TASK MATERIAL:

__________

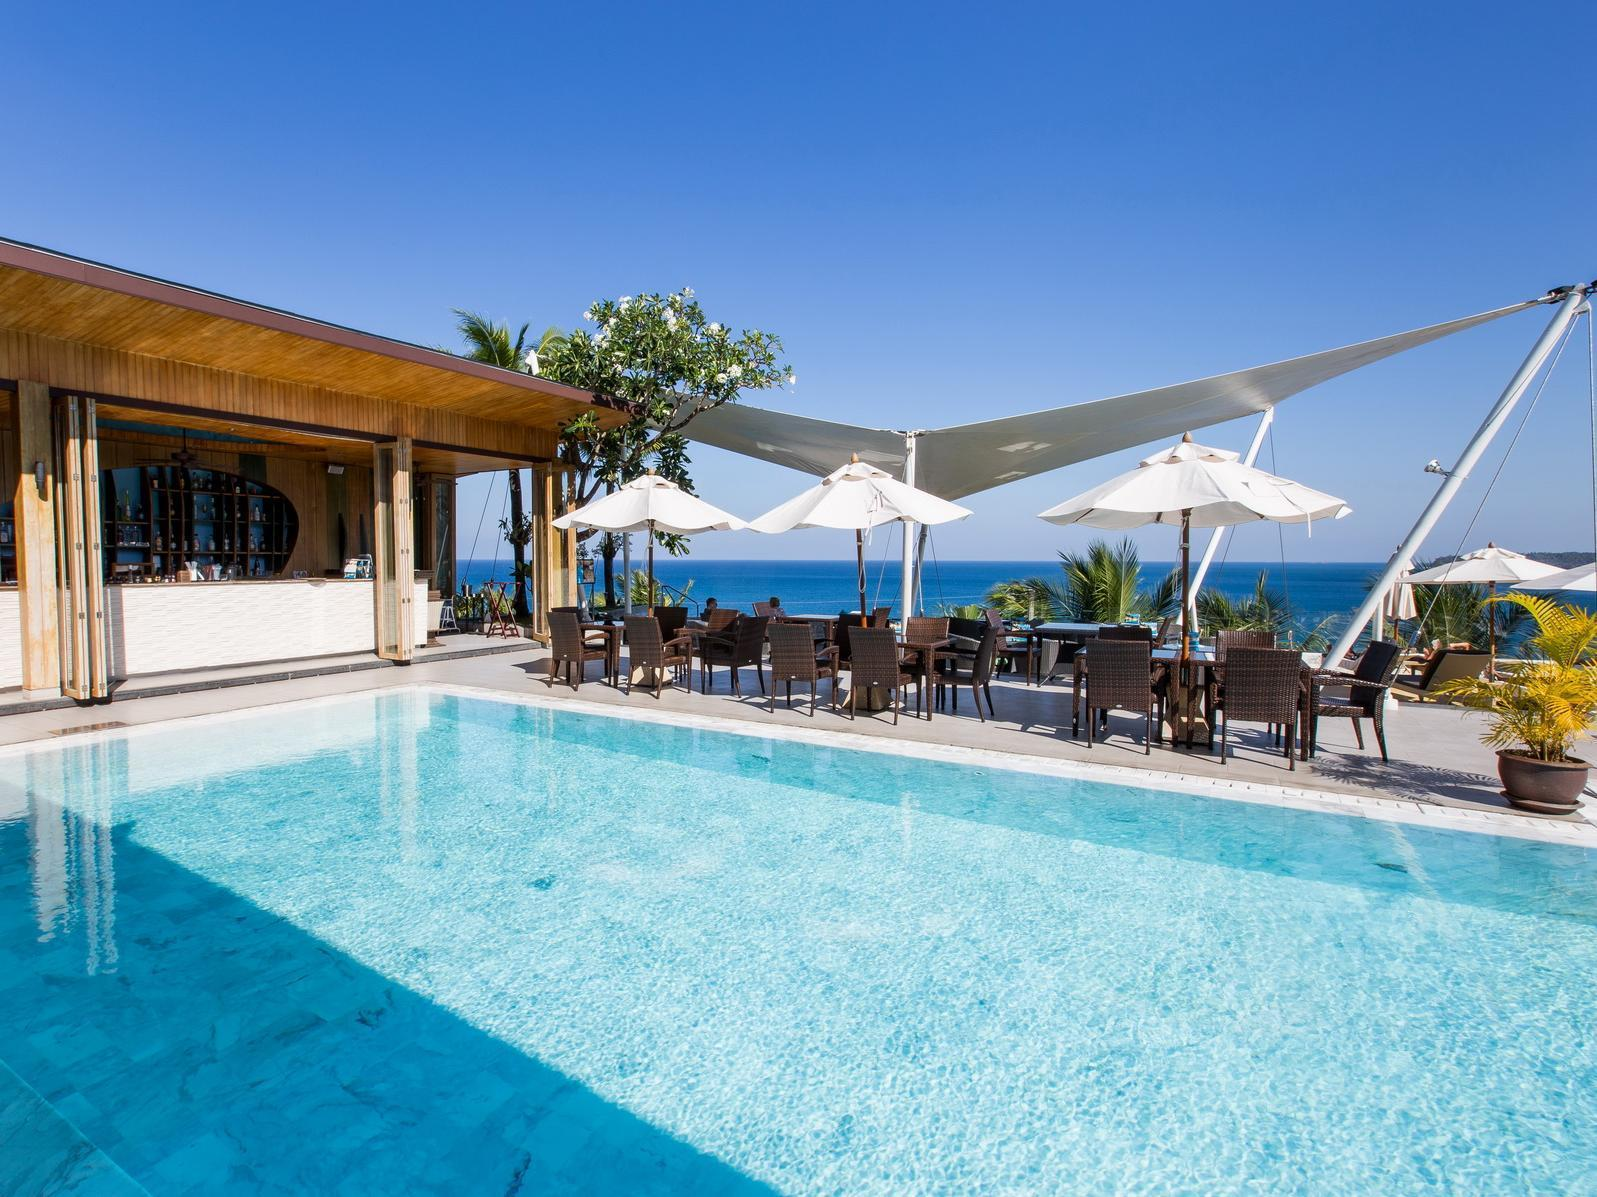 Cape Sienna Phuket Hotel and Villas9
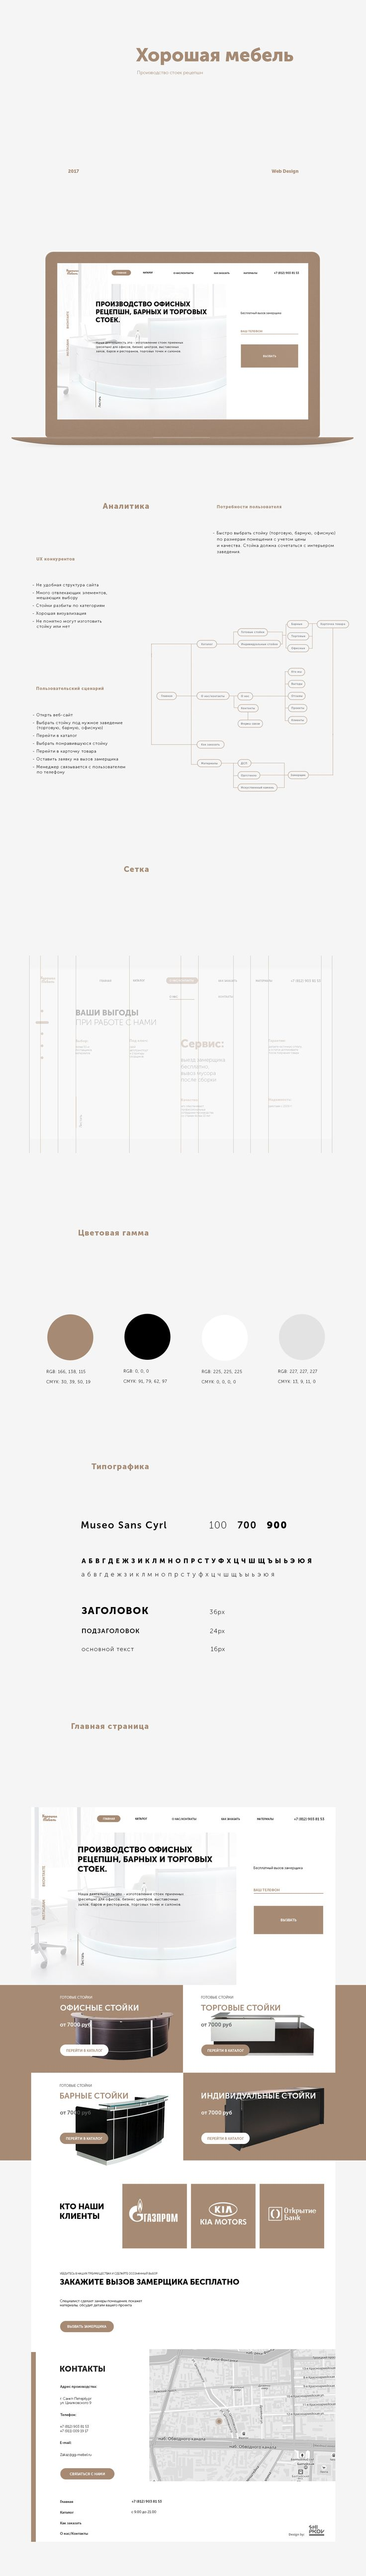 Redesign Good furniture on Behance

__________

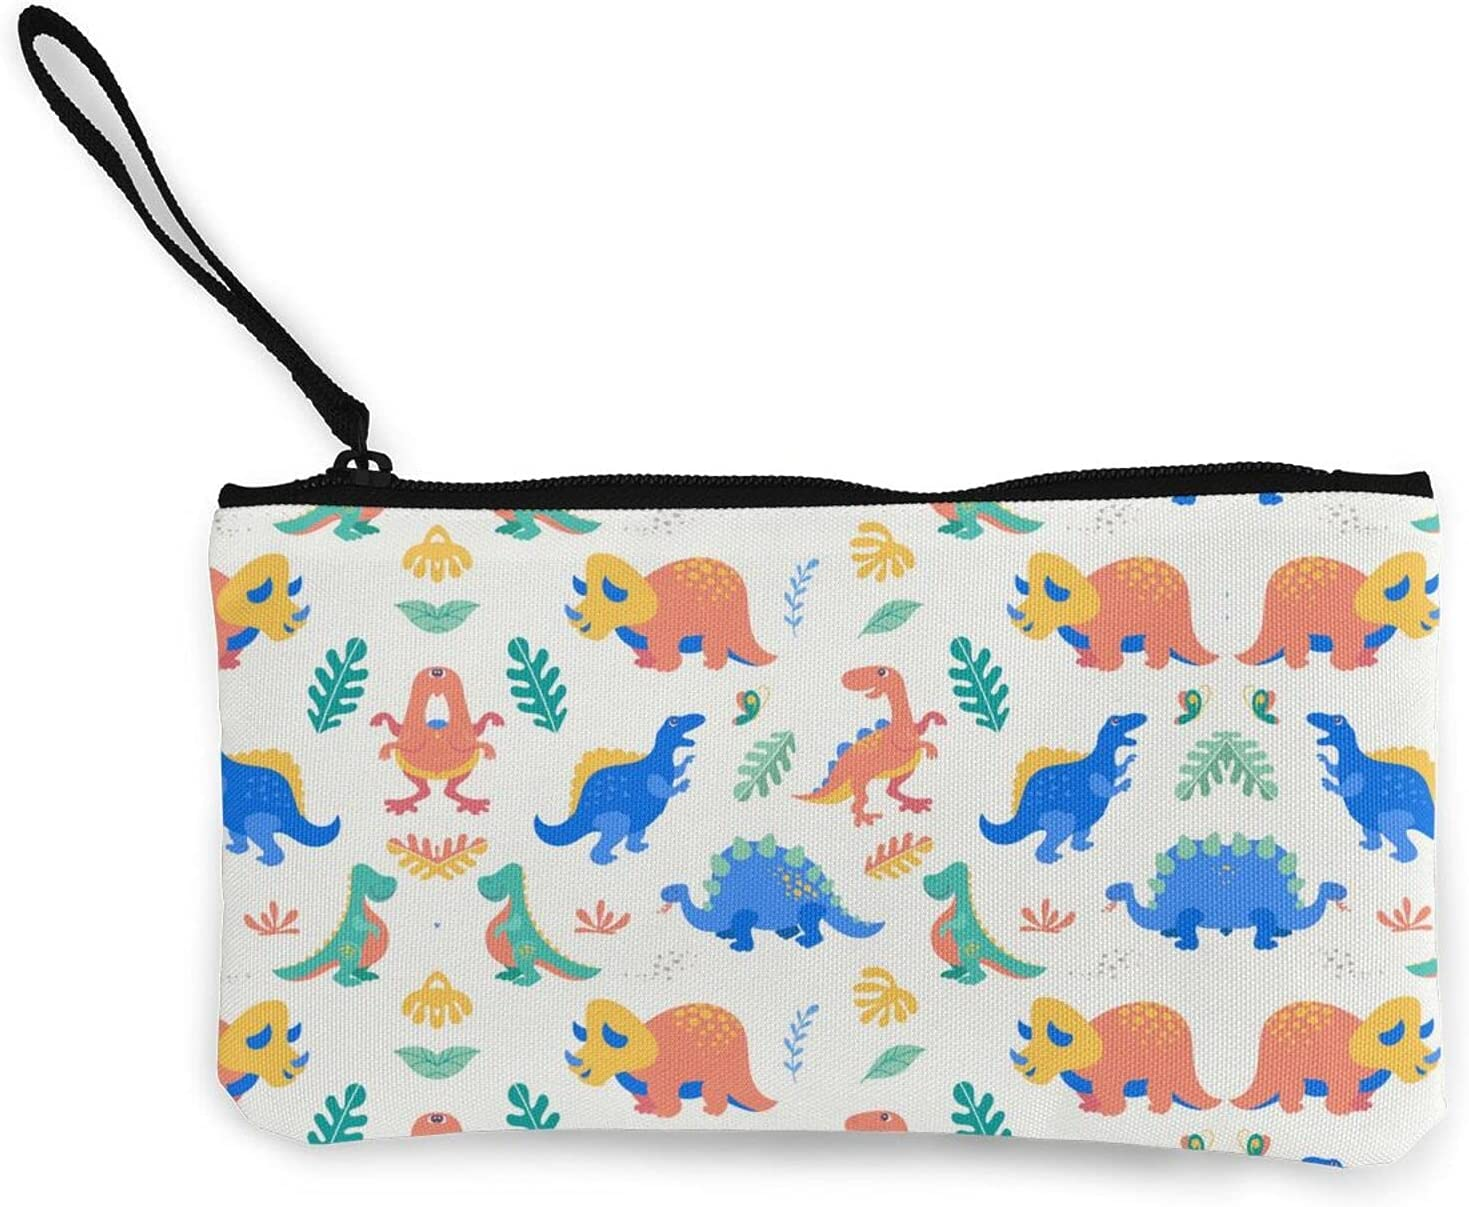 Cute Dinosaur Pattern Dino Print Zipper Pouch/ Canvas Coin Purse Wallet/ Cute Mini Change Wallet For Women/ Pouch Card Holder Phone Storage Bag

__________

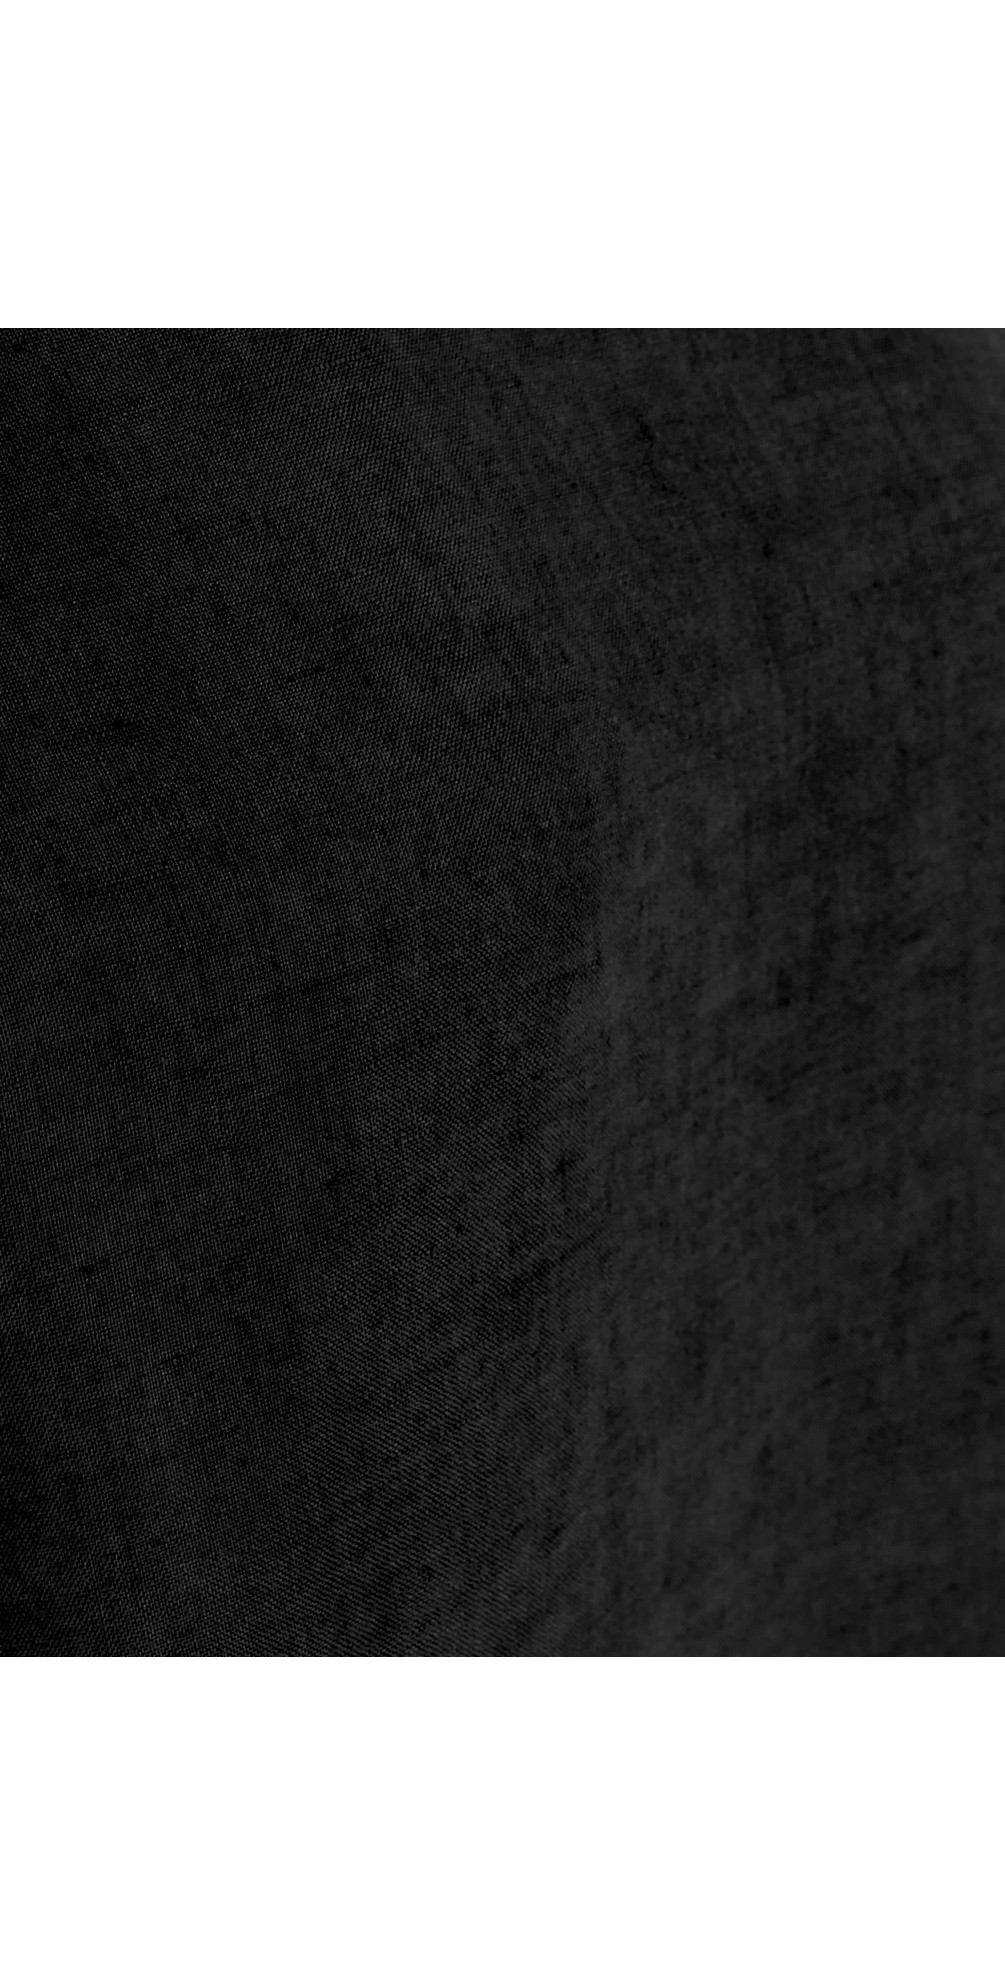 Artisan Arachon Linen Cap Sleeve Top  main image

__________

TASK BRIEF: Among the entries above, take the line with "Cape Sienna Phuket Hotel and Villas9", the line with "Redesign Good furniture on Behance", and all the lines between them, and restate them word for word without pictures.

REPLY:
 Cape Sienna Phuket Hotel and Villas9
 Redesign Good furniture on Behance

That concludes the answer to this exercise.